A number of forward modelling codes currently exist to extract kinematic information whilst accounting for the effect of beam smearing in 2D kinematic maps, such as GalPaK3D (Bouch et al. 2015), 3DBarolo (Di Teodoro and Fraternali, 2015) and Blobby3D (Varidel et al. 2019). However these often rely on making assumptions of underlying galaxy kinematics by comparing observations to 3D galaxy models which are altered and recomputed at each step, making them computationally expensive. Therefore, we are adapting the existing emission-line fitting code ROHSA (Marchal et al. 2019) developed by RSAA Postdoctoral Fellow Antoine Marchal which does not rely on assumptions of an underlying model. ROHSA fits the spectra of each pixel in an IFS observation with a Gaussian model by altering maps of amplitude, peak wavelength and dispersion through a gradient-descent approach. An additional regularisation term set by the user ensures adjacent pixels in these maps are sufficiently similar, thus producing smooth kinematic maps, reducing the effect of noise. However ROHSA was originally developed to be fit radio observations of HI 21-cm emission line data and does not account for beam smearing effects caused by the PSF. Therefore, during the first project of my PhD I have been working on including this functionality.

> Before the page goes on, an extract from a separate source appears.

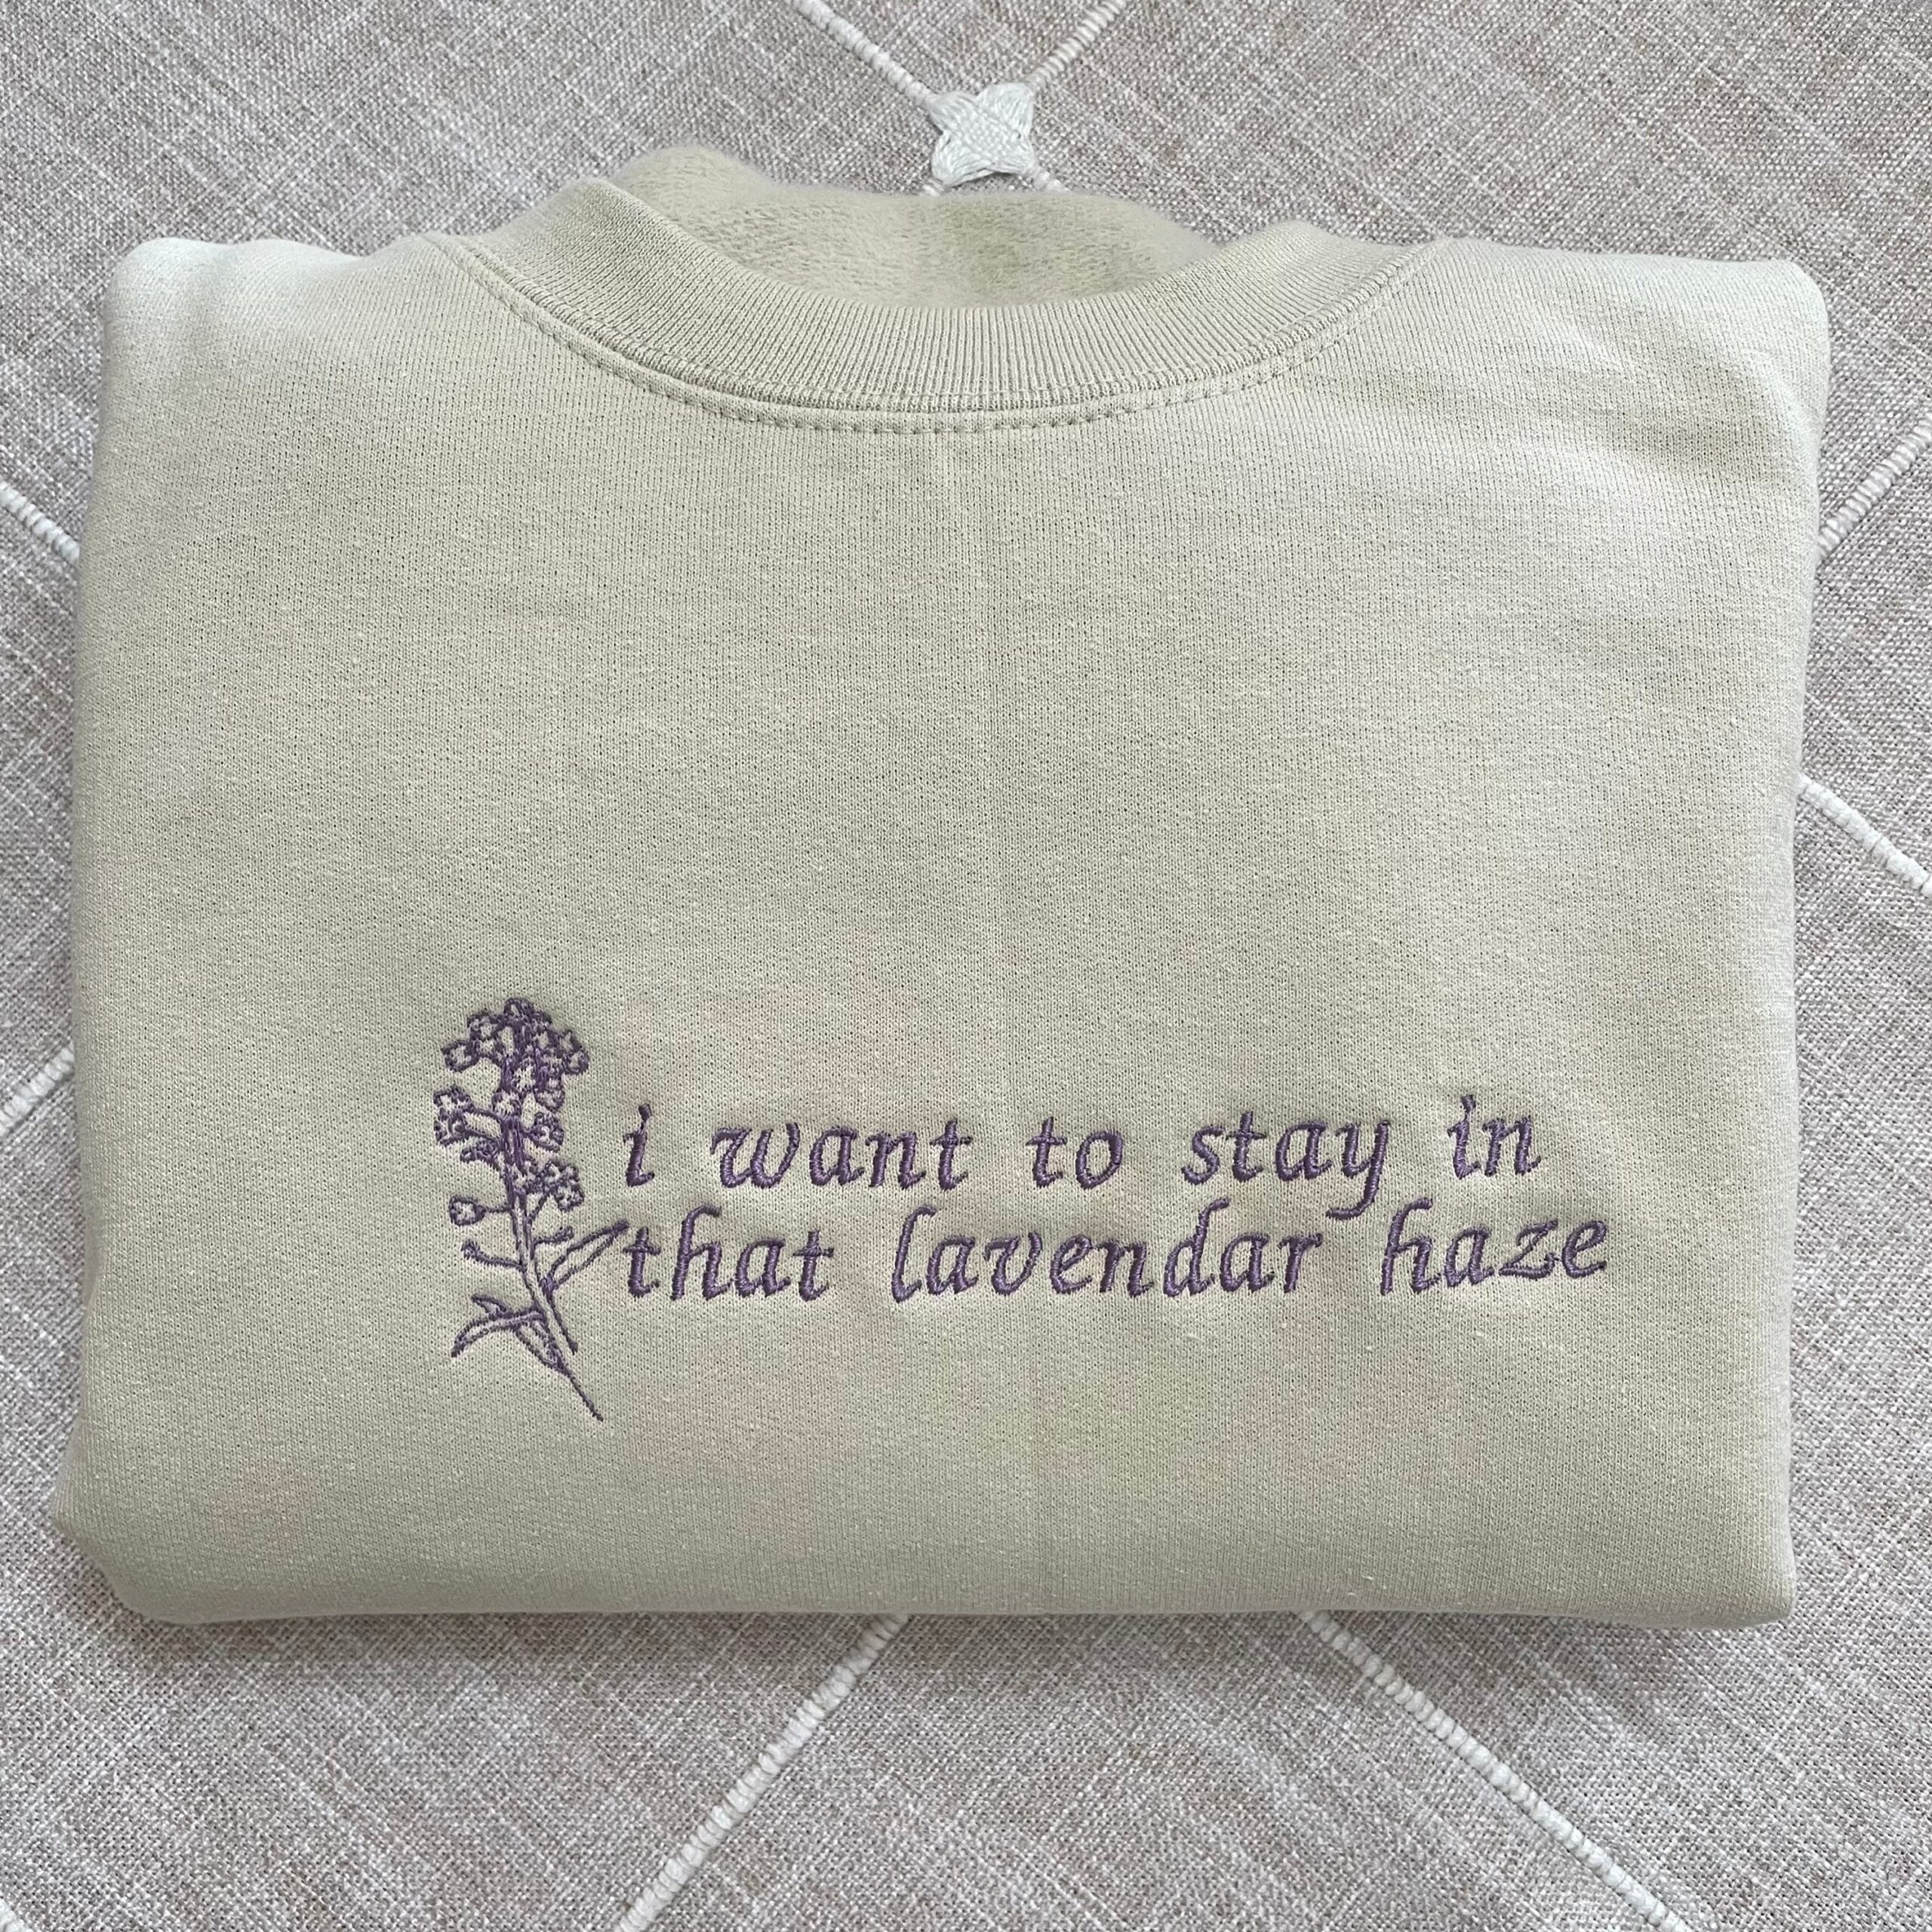 taylor-swift-lavender-haze-embroidered_1667842416-scaled-1.jpg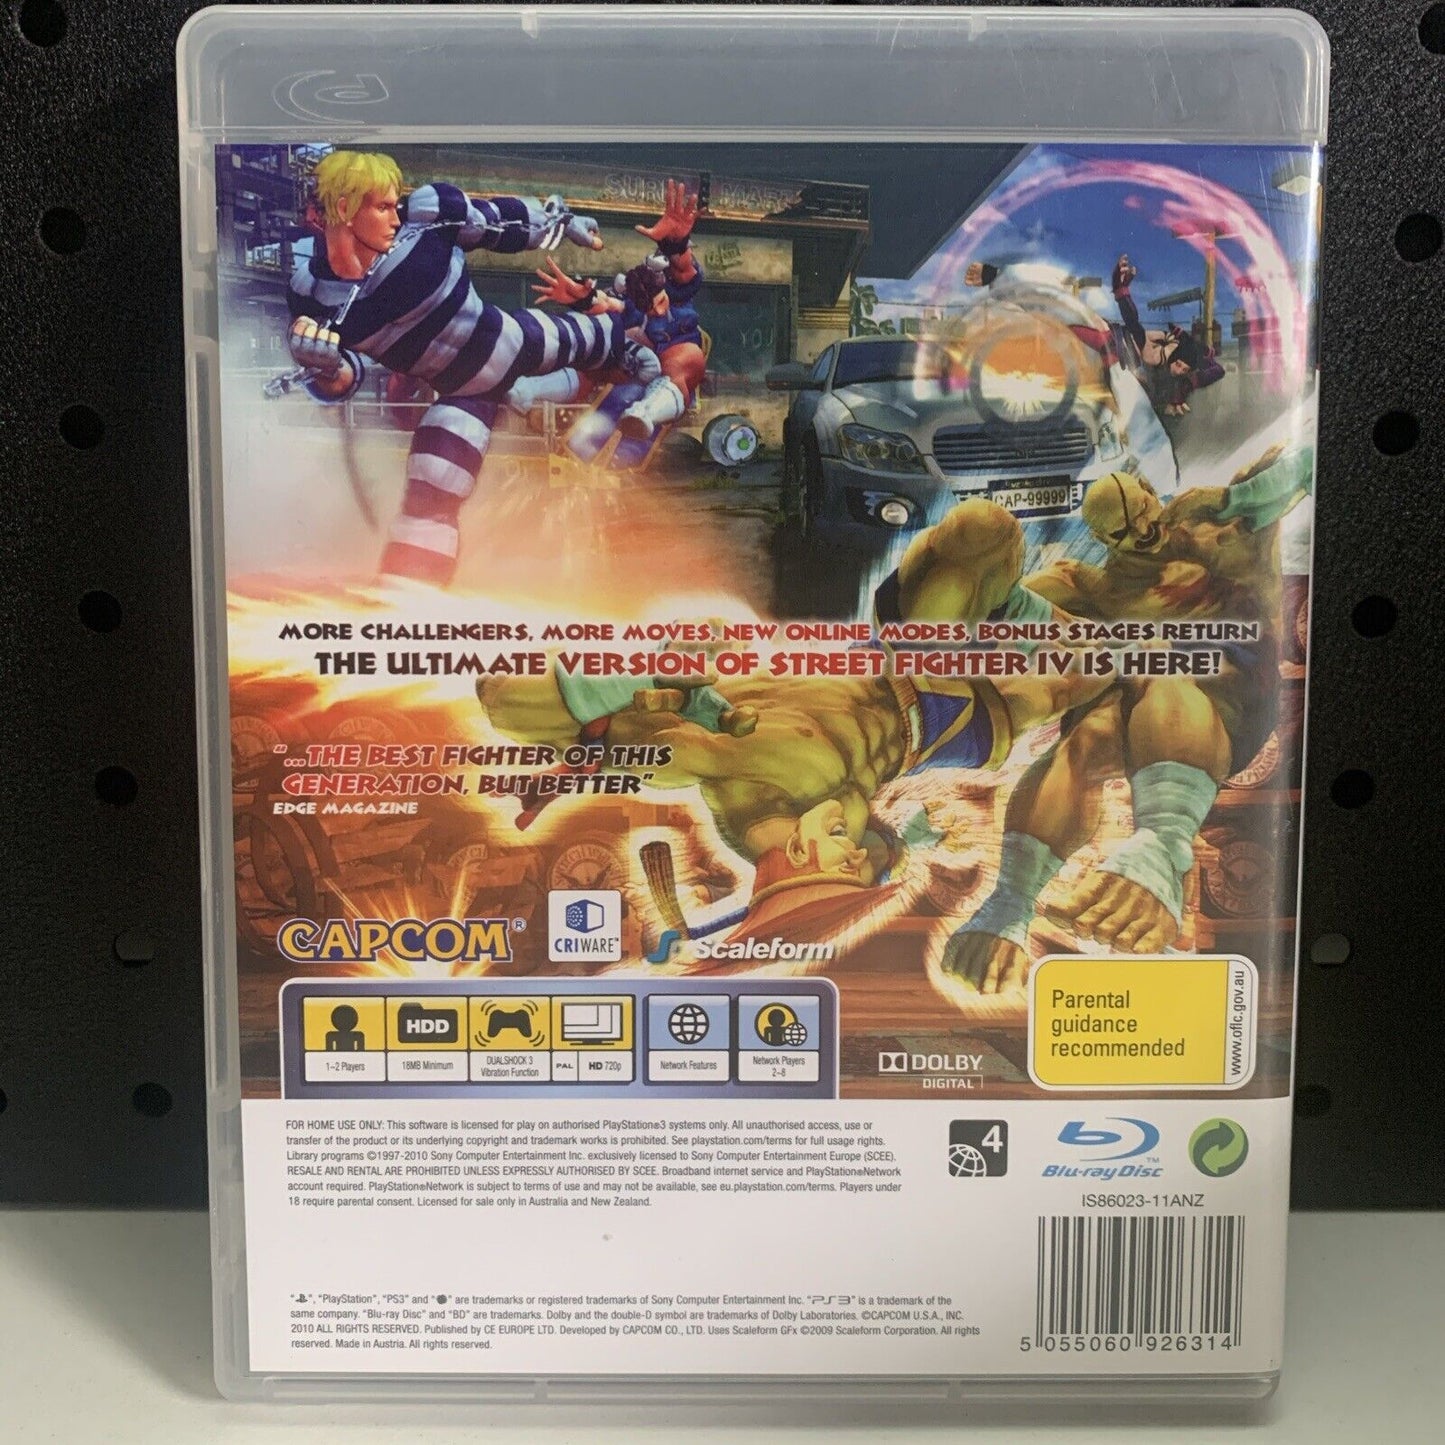 Super Street Fighter IV 4 PlayStation 3 PS3 Game

An initial fit to galaxy kinematics is obtained by running of the original ROHSA code. We then make use of the fact that observed kinematics are the result of intrinsic galaxy kinematics being convolved with the PSF of an observation. We can convolve our initial fit with the observation's PSF and calculate the difference between the convolved fit and observed data, the cost. By using a using a gradient-descent method to iteratively alter each Gaussian in the initial fit and then re-convolving, the cost can be reduced. Once the method converges, the convolved Gaussian fit and observed data should closely match, meaning the underlying Gaussians well describe the intrinsic kinematics of the galaxy, without the effect of beam smearing. In order to test the adapted code, we have first been fitting mock observations of idealised disks created with the KinMS package (Davis et al. 2013), as we can compare the true intrinsic model to the best-fit of our code. The results so far have been promising, as demonstrated in the included figure. Fitting to real data will be in the near future!

Isaac Kanowski

Plot caption:

A fit to a mock disk observation using the adapted ROHSA code. To create this observation the mock disk was convolved with a PSF to mimic real data. The FWHM of this PSF is shown in the first panel in white.

The top three panels show the output Gaussian parameters returned by the adapted code, which should closely match the intrinsic parameters of the galaxy (ie. the mock galaxy before any PSF convolution), the outline of which is traced in black. To illustrate the accuracy of the fit, the bottom three panels plot the galaxy kinematics measured along its kinematic axis (shown in purple in the top panels). In these plots the observed galaxy parameters are plotted as black dashed lines and the original ROHSA fit to the observed galaxy in dashed red, with the two matching very well. The solid blue line is then the resulting fit from the adapted ROHSA code. This should ideally match the intrinsic galaxy parameters, which is plotted in solid black. The two solid lines agree quite closely, suggesting the adapted code can extract kinematics without the effects of beam-smearing.